The disadvantages of this method are that it provides stabilization only in terms of rolling, it is extremely costly, the placement of the fins is difficult and requires specialized skills, as large holes are created in the hull of the vessel to create the compartments where the fins are stored, which must be sealed very carefully. Also, these compartments occupy valuable space in the hull of the vessel. Moreover, these fins can only function when the vessel is in motion.
Regarding the maintenance of stability of a stationary vessel within a water system, as most waterborne vessels expose large surfaces along the longitudinal axis, they make the vessel sensitive to the effects of forces such as currents and wind. Such forces can cause the vessel to deviate either from the desired fixed position or from the desired course. This creates the need for constant vigilance and numerous adjustments to maintain the desired position and/or course.
There is currently an active stabilizer that provides stability to a vessel at a standstill. It is the most widespread stabilizer system that uses a pair of fins mounted externally on the sides of the hull, below the water level, which may or may not be hauled and rotate around their axis in order to achieve the desired stability of a vessel which may be stationary or in motion. This stabilizer shall, however, only dampen rolling and not pitching.
Another type of active pitching stabilizer is power trims. They are one of the main speedboat controls. They offer optimal exploitation of planing and speed, fuel economy, avoiding engine strain and smooth cruising. They are mounted on the engine; they operate only when the vessel is in motion, needing experience to be handled properly and have a slow response.

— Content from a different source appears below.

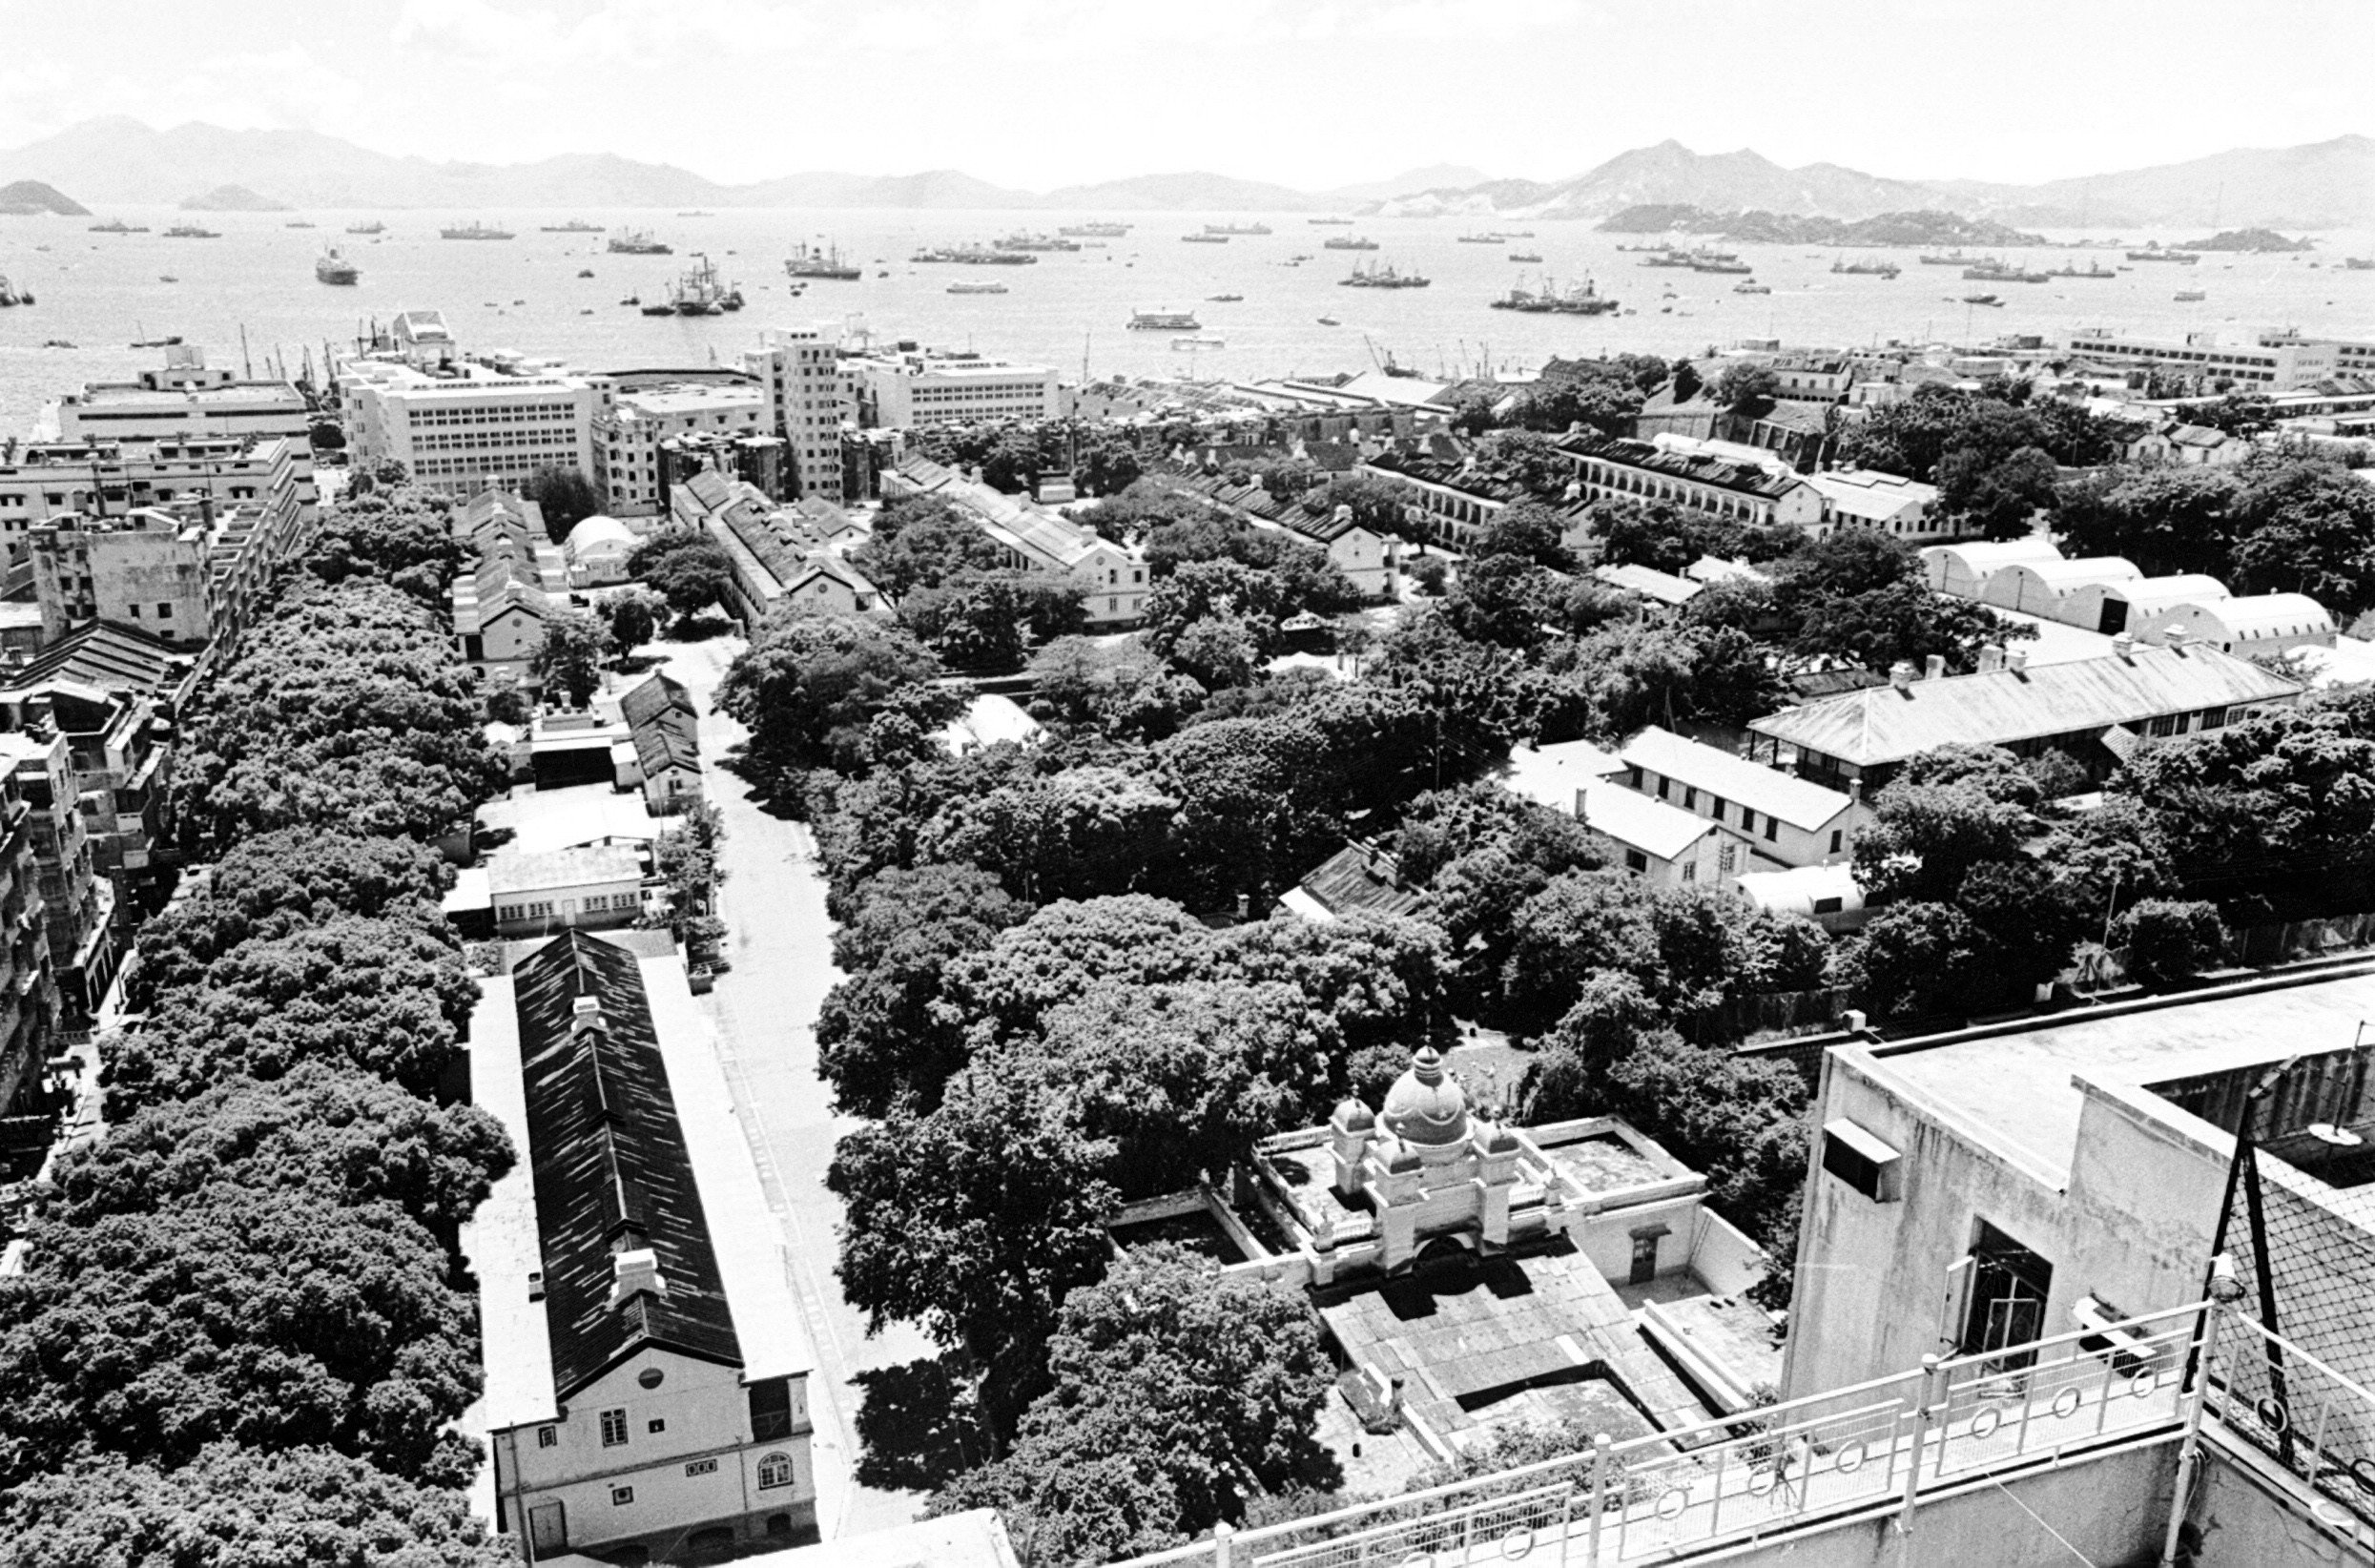 The Whitfield Barracks in Tsim Sha Tsui, in 1968.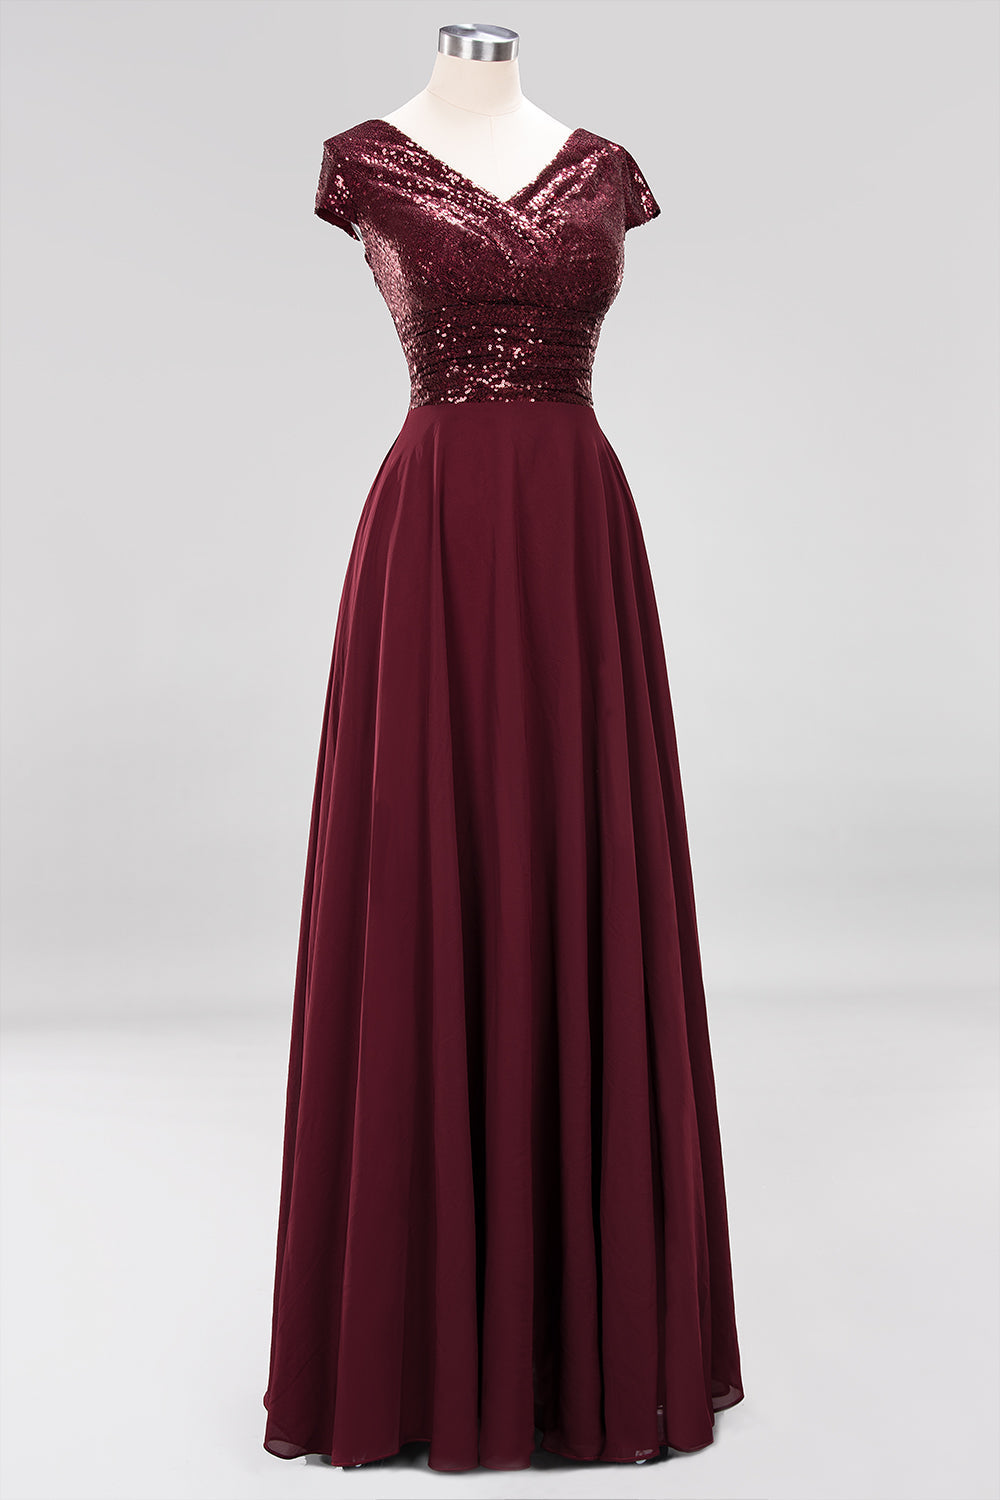 Chic Sequined Top V-Neck Sleeveless Burgundy Bridesmaid Dresses Online-27dress

Another active stabilizer is the Trim tabs which are also one of the basic controls of a speedboat and their purpose is to dampen rolling. It can be combined with power trims on vessels with outboard motors or stand alone in vessels with inboard motors. These are pairs of fins which are mounted on the transom of a vessel. They are electrical and hydraulic. They operate efficiently at speeds of more than 15-17 knots and only then they have a positive impact on fuel consumption. They are difficult to operate.
Automatic Trim tabs are also available. Operated from a screen or control panel in the panel board of the vessel, adjusted at the optimal compensation of the vessel and while cruising, using gyroscopic sensors, the system changes the setting of the compensating fin to keep the vessel in the predetermined position, but not in each separate ripple.
Another type of active stabilizer is the gyroscopic stabilizer. It uses gyroscopic torque to dampen the rolling of a vessel. Its disadvantages are its high cost of purchase and maintenance, its high energy consumption, it requires a lot of space on the vessel, as it is placed inside the hull, and it operates only instantaneously as long as inertia allows the gyroscope to assist the vessel. There is also a delay at startup of 15 to 20 minutes.
Therefore, no stabilizer offers damping of the oscillations of the vessel both against its longitudinal axis and against its vertical axis.
Also, none of the existing stabilization systems correct the inclination of the vessel against pitching, during intense ripples, in each separate ripple.
None of the existing stabilization systems prevents the vessel from capsizing towards both its axes, vertical and longitudinal.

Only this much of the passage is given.